Совершенно случайно, когда Теа отчаянно нуждалась любой работе, лишь бы та принесла хоть какие-то деньги, она обнаружила, что работа маляра – это ее. К удивлению, несмотря на напряженный, тяжелый труд, ей понравилось красить дома. Время шло, и ей попадалось все больше заказов. Зимой ей изредка перепадали заказы по внутренней отделке, но летом она обычно работала, как дьявол, и просто не имела возможности выбраться, чтобы присоединиться к семье в каком-то из выездов на озеро.

— Но как быть с твоим днем рождения? — спросила ее мать, вдруг вспомнив приближающуюся дату. — Разве тебя здесь не будет?

Теа заколебалась. Ее семья придавала большое значение дням рождения. Теперь, когда ее братья были женаты и имели детей, не было ни единого месяца в году, когда бы ни праздновался чей-то день рождения.

— Я не знаю, — наконец сказала она. — Я устала, мама. Мне действительно нужен отдых. — Она не поэтому захотела уехать на озеро, но и ложью это не было. Почти месяц она не высыпалась нормально, и ее одолевала усталость. — Может, мы отложим вечеринку и посидим вместе в другой раз?
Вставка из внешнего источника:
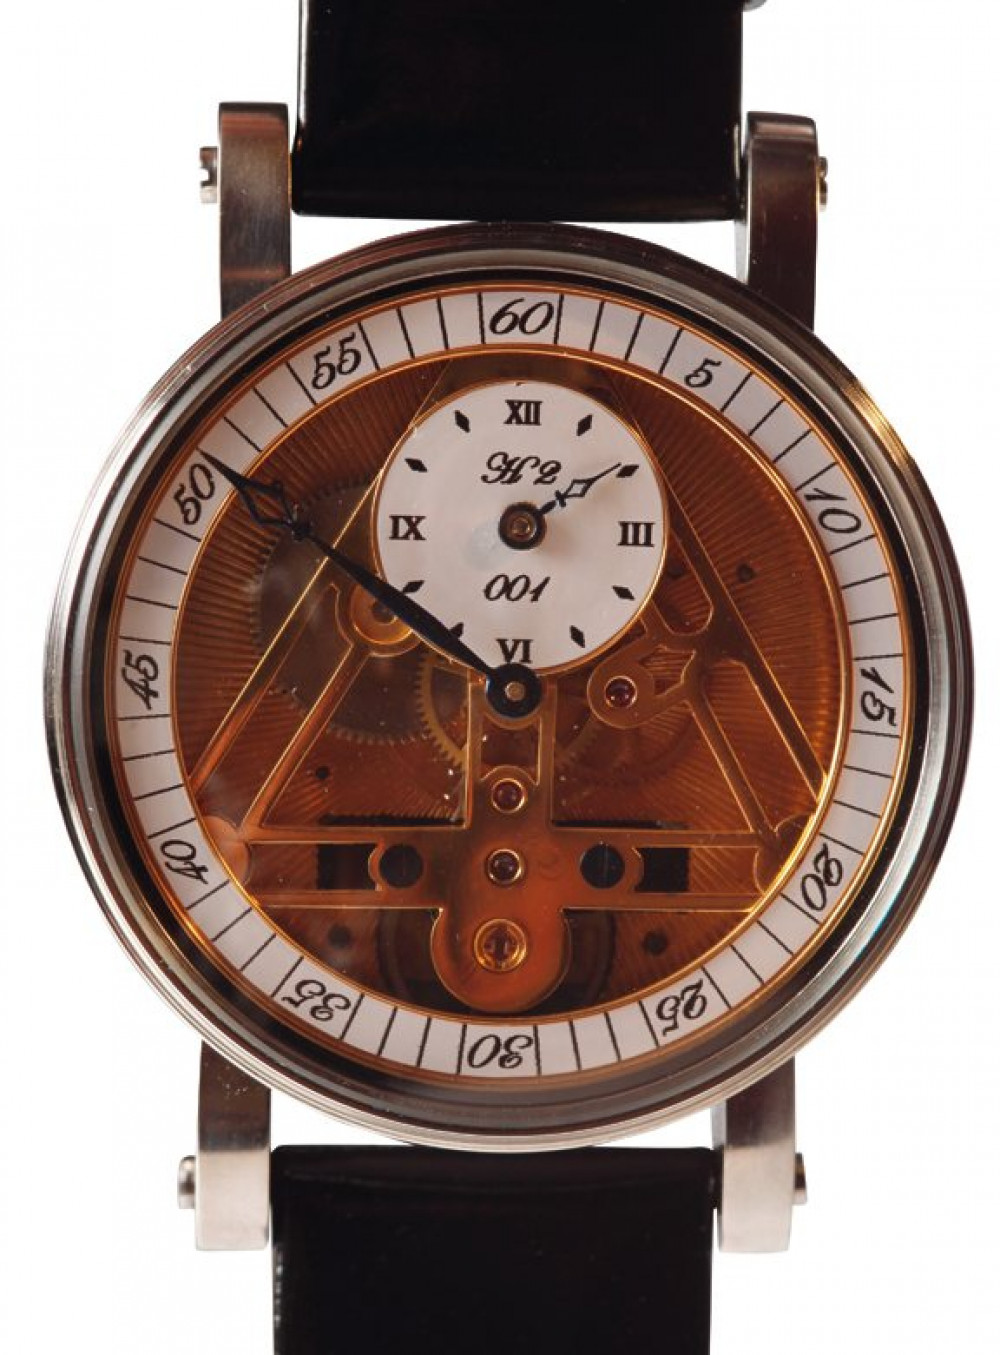 Zegarek firmy Bleitz, model H2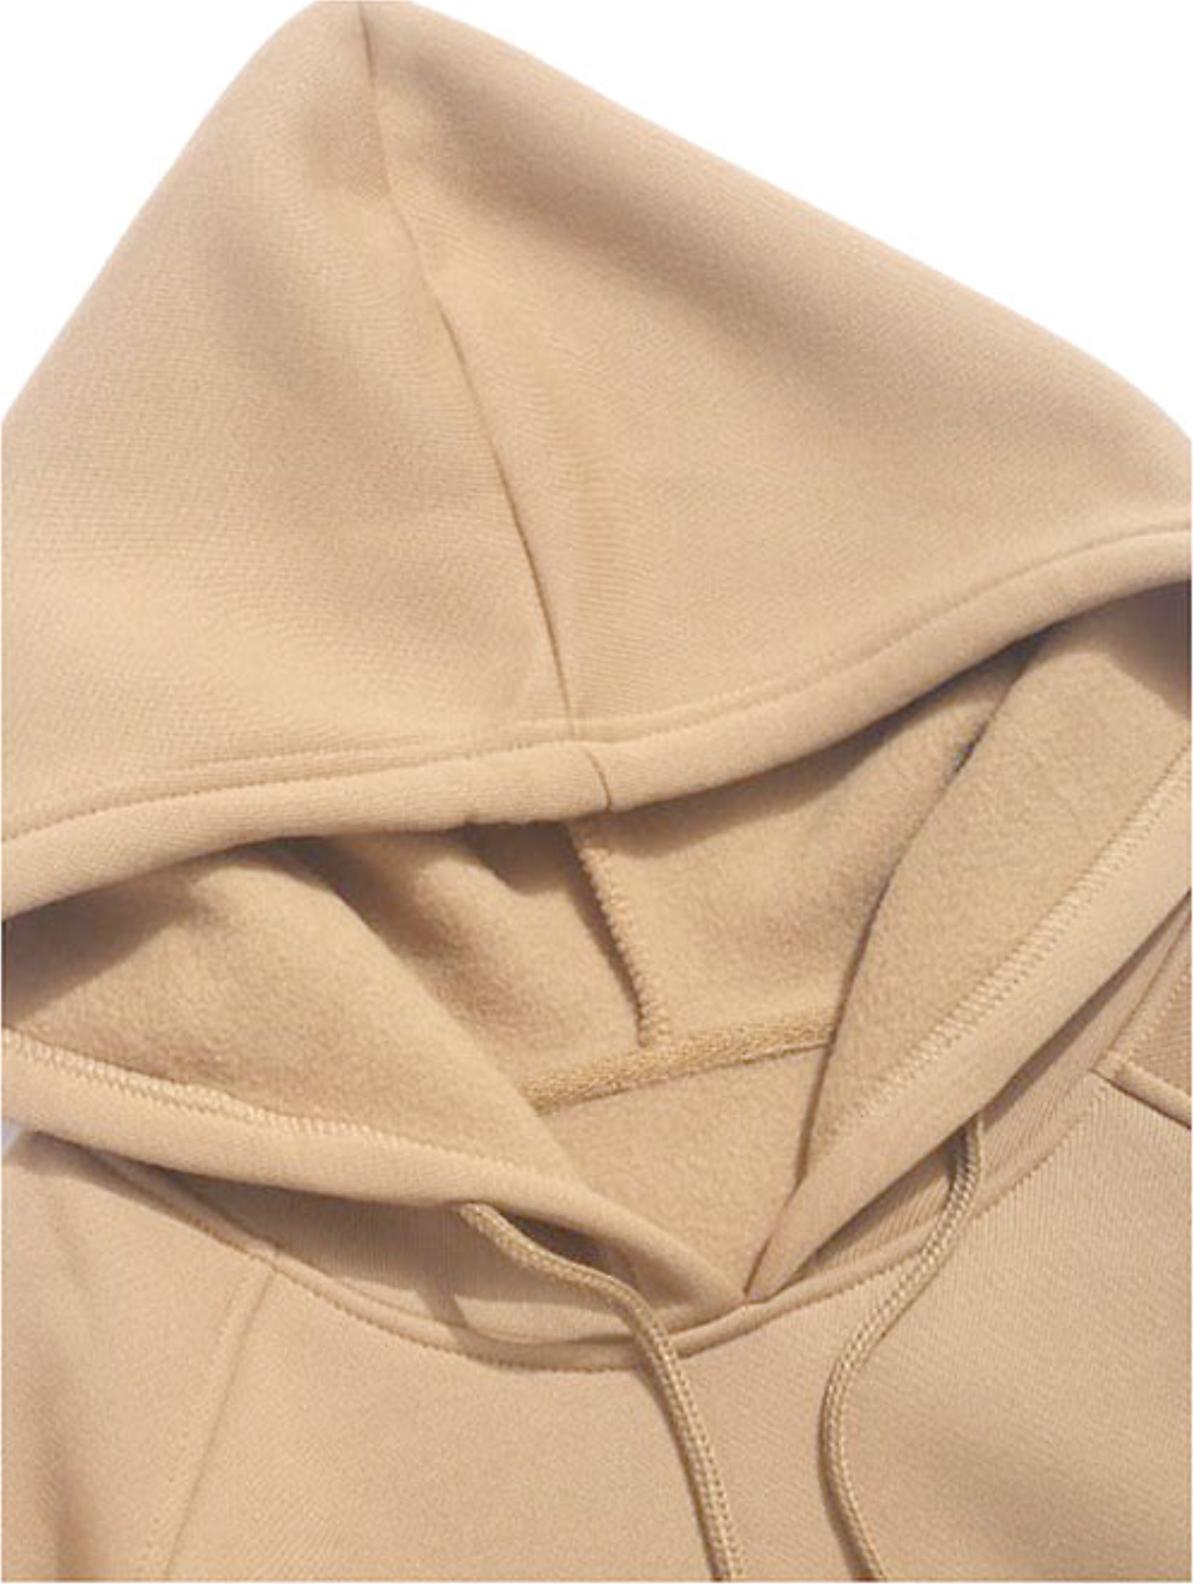 Áo hoodie nam nữ form rộng Unisex một màu cá tính Hàn Quốc – FORMEN SHOP – FM14GV016

— Ладно, надеюсь, это подойдет, — с сомнением промолвила ее мать. — Я дам знать мальчикам.

— А то! Если их обычный прикол на день рождения вовремя не состоится, мне не пережить их огорчения — сухо ответила Теа. — Если они уже сделали заказ на доставку мне партии куриного помета, пусть подержат его несколько дней у себя.

Мать хихикнула:

— Они никогда не заходят так далеко.

— Только потому, что знают: я бы отплатила им вдвойне.

— Развлекайся на озере, милая, но будь осторожна. Я не уверена, что мне нравится мысль, что ты будешь там в полном одиночестве.

— Я буду осторожна, — пообещала Теа. — В доме есть какие-нибудь припасы?

— Припоминаю, что в кладовой есть несколько банок супа, но это — почти все. Отметься, когда доберешься туда, идет?

"Отметься" было кодом для того, что ее отец называл Возьми Телефон И Дай Знать Своей Матери, Что Ты В Порядке, Чтобы Она Не Звонила В Службу Пропавших Без Вести. Миссис Марлоу обычно позволяла своим детям вести собственную жизнь, но, когда она говорила "отметься", все они знали, что она немного беспокоится.

— Я позвоню, как только доберусь до продуктового магазина.

Теа сдержала обещание и позвонила сразу, как только доехала до маленького бакалейного магазинчика, где они всегда закупали припасы для летнего домика.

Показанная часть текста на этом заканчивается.